Chapter 5: Party Invite from a Dead Man
by inkadminThe ugly spear breathed in Mara’s hand.
Not literally. Probably. But the thing had a pulse under its lumpy spine of fused scrap, a little shiver that ran from the cracked crowbar head to the jagged blade wired crookedly at the tip. It smelled like hot pennies and burnt hair. Gray dungeon-light crawled along the weapon’s seams, catching where melted goblin bone had sealed bent steel to a broken baton, where half a core blinked weakly inside a twist of scavenged copper.
The tutorial guards stared at it like she had dragged a corpse into church.
“That,” said the guard with the mirrored riot helmet, “is not regulation loot.”
Mara tightened her grip.

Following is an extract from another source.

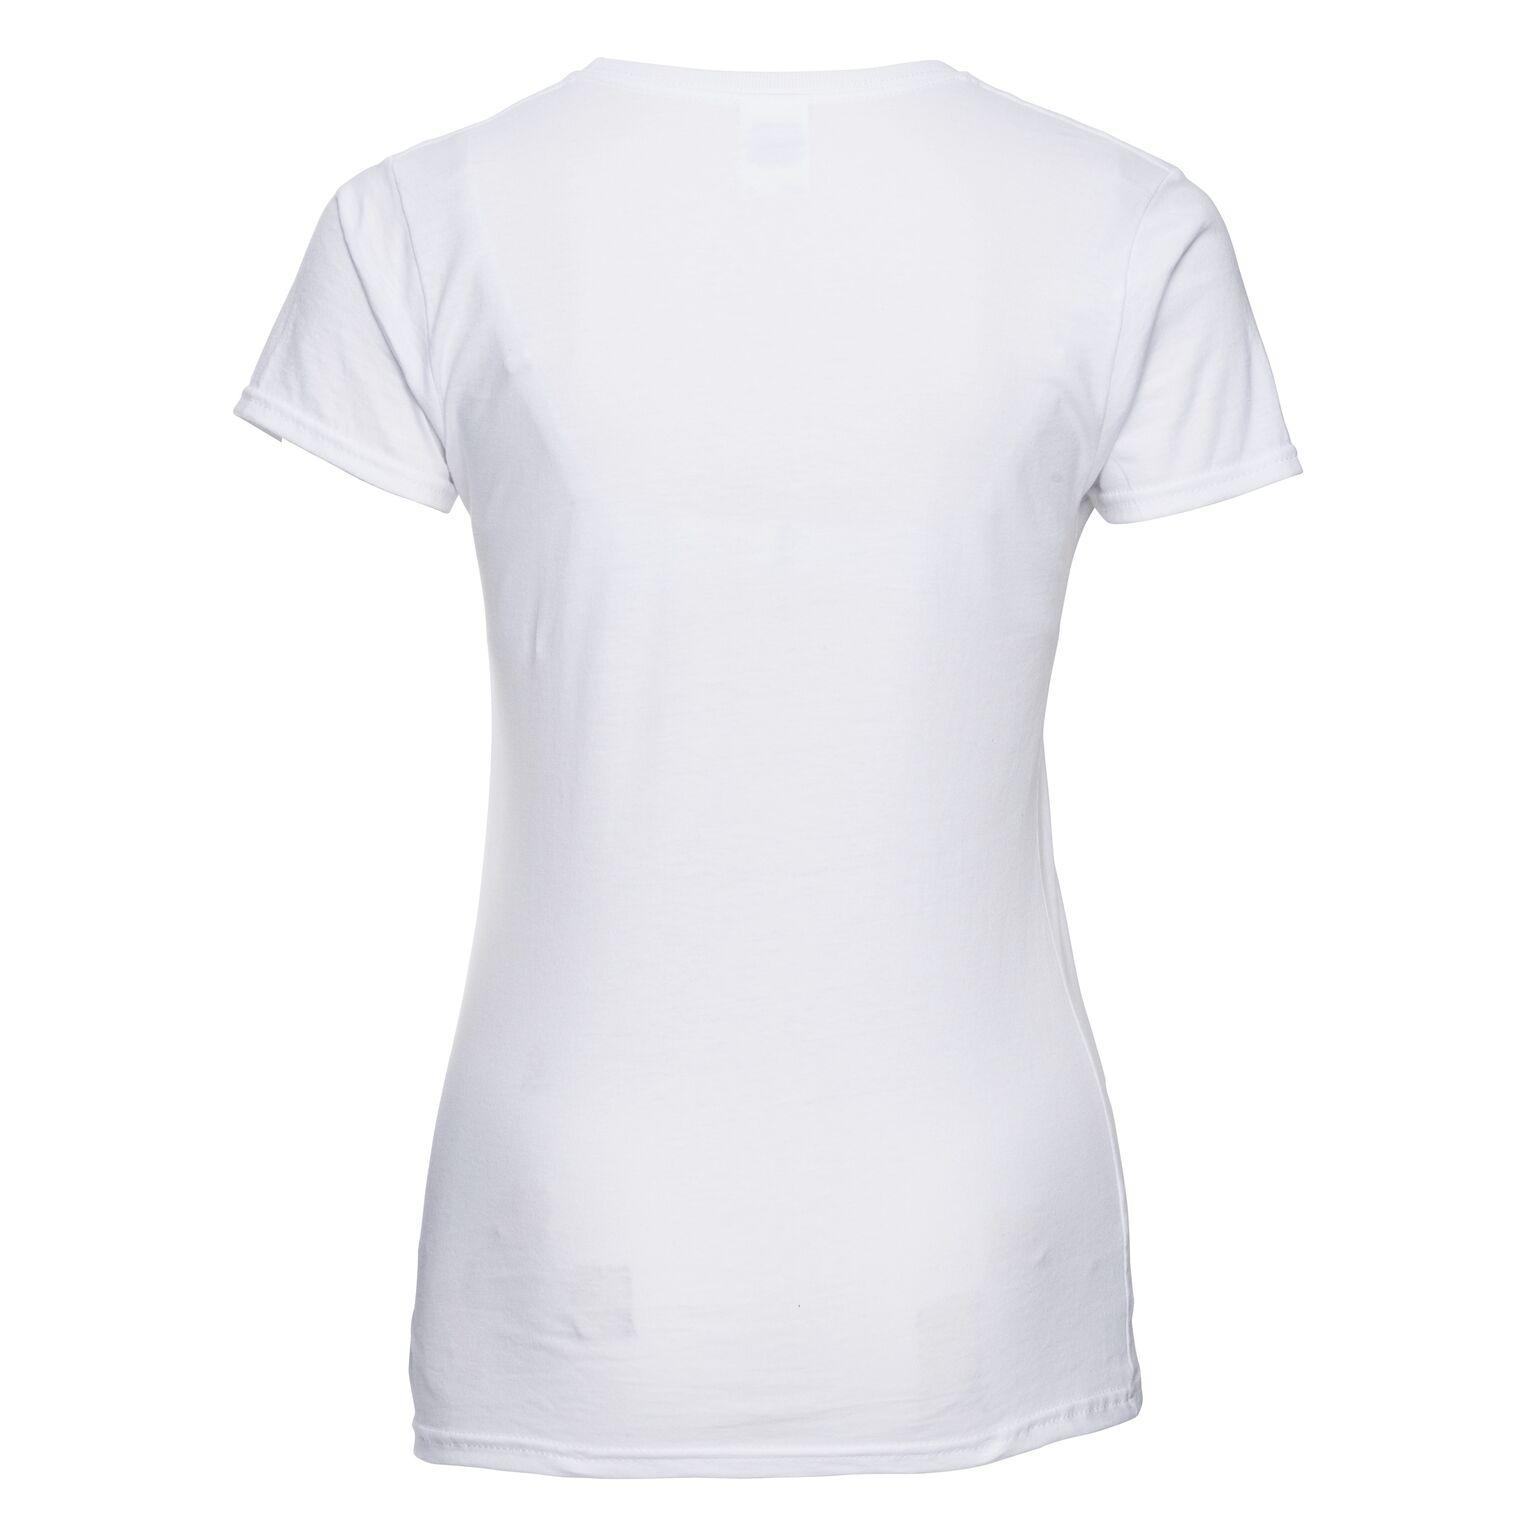 05_j155f_blanc--0-0--5d4f8d86-c87f-40ed-b616-93abeda0001f
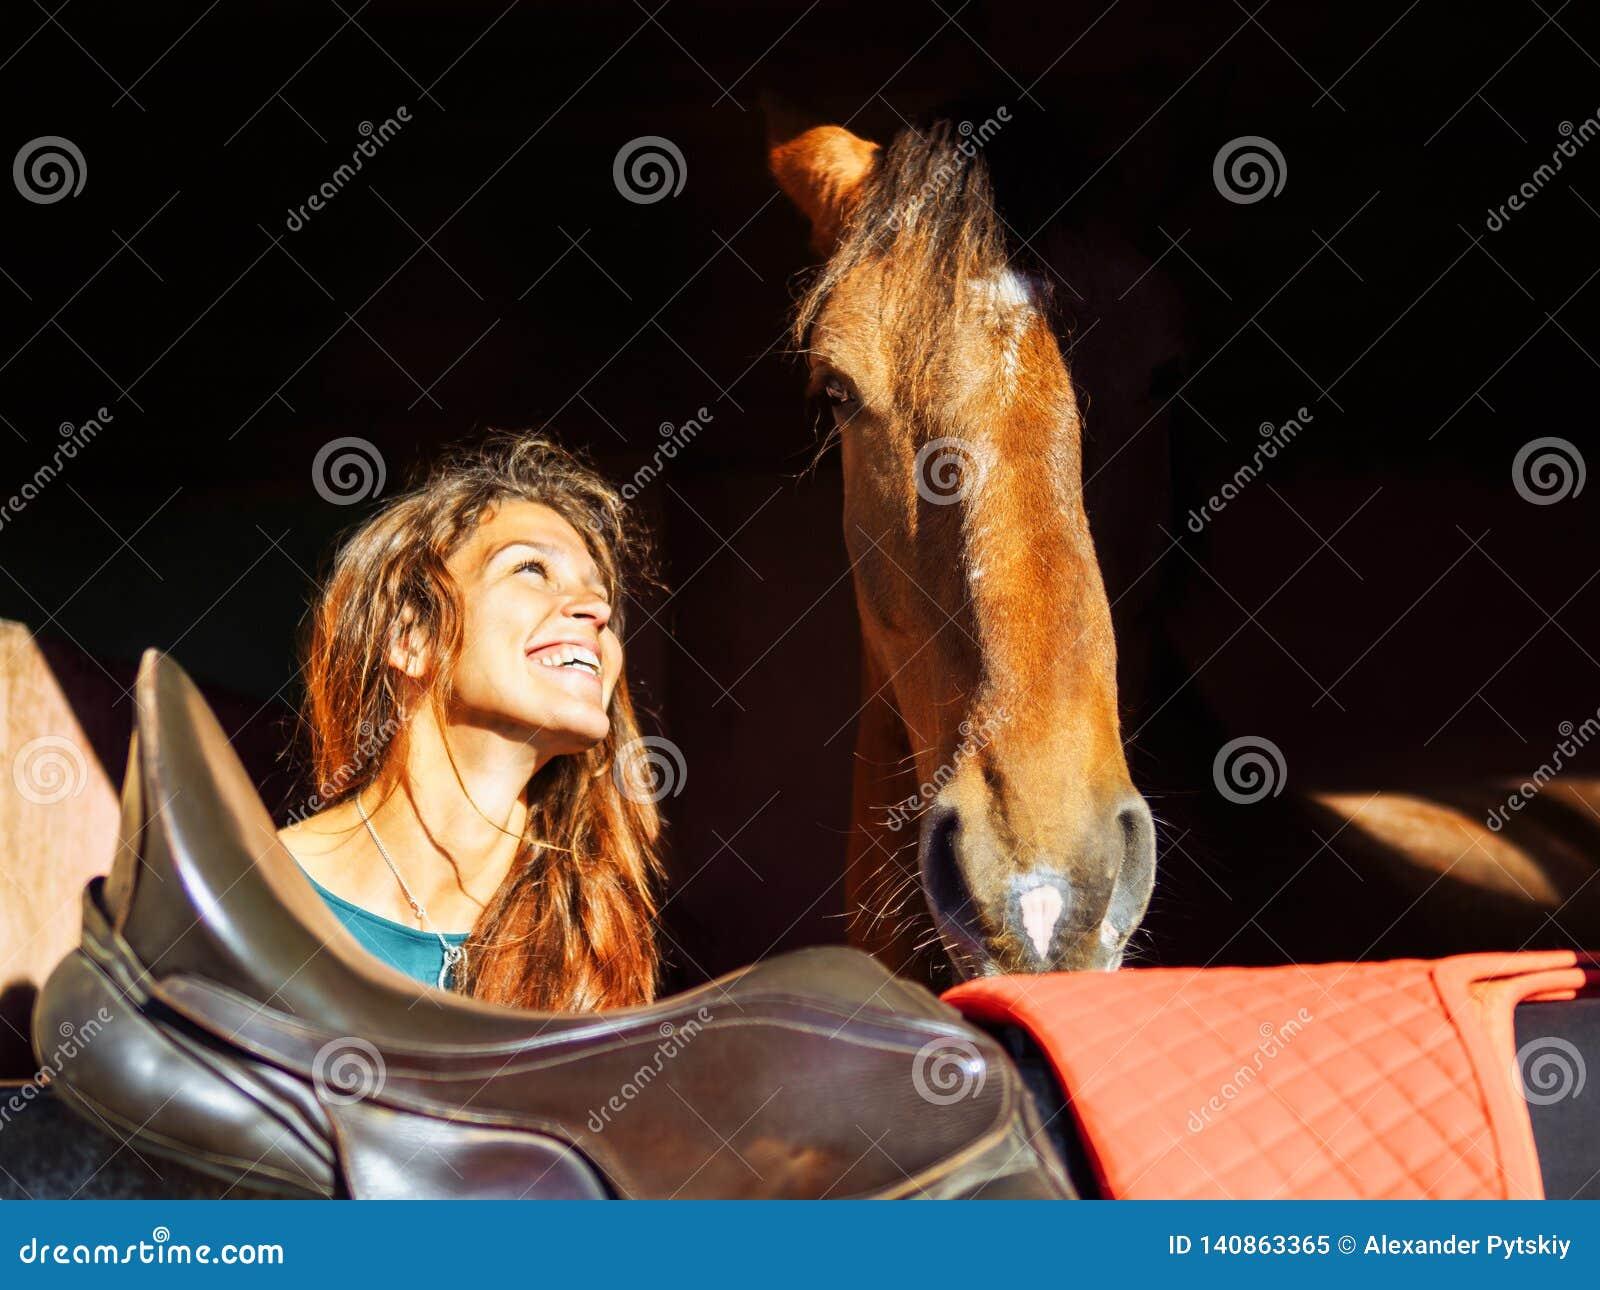 Das Mädchen betrachtet den Kopf eines roten Pferds mit Liebe

Her palms were still blistered from hauling herself out of rubble, fighting tunnel rats the size of dogs, and then picking through a battlefield while everyone else screamed over rare boots. Blood had dried in dark crescents under her fingernails. Dust filmed her black delivery jacket, turning the old restaurant logos ghost-pale.
“Good,” she said. “Regulation got me killed.”
The other guard, a broad woman in matte-black armor with the city seal stamped over one shoulder and a System glyph pulsing over the other, took half a step back. The glyph read TUTORIAL WARDEN – LVL ??. Mara had learned already that question marks meant either “too high for you” or “none of your business, insect.”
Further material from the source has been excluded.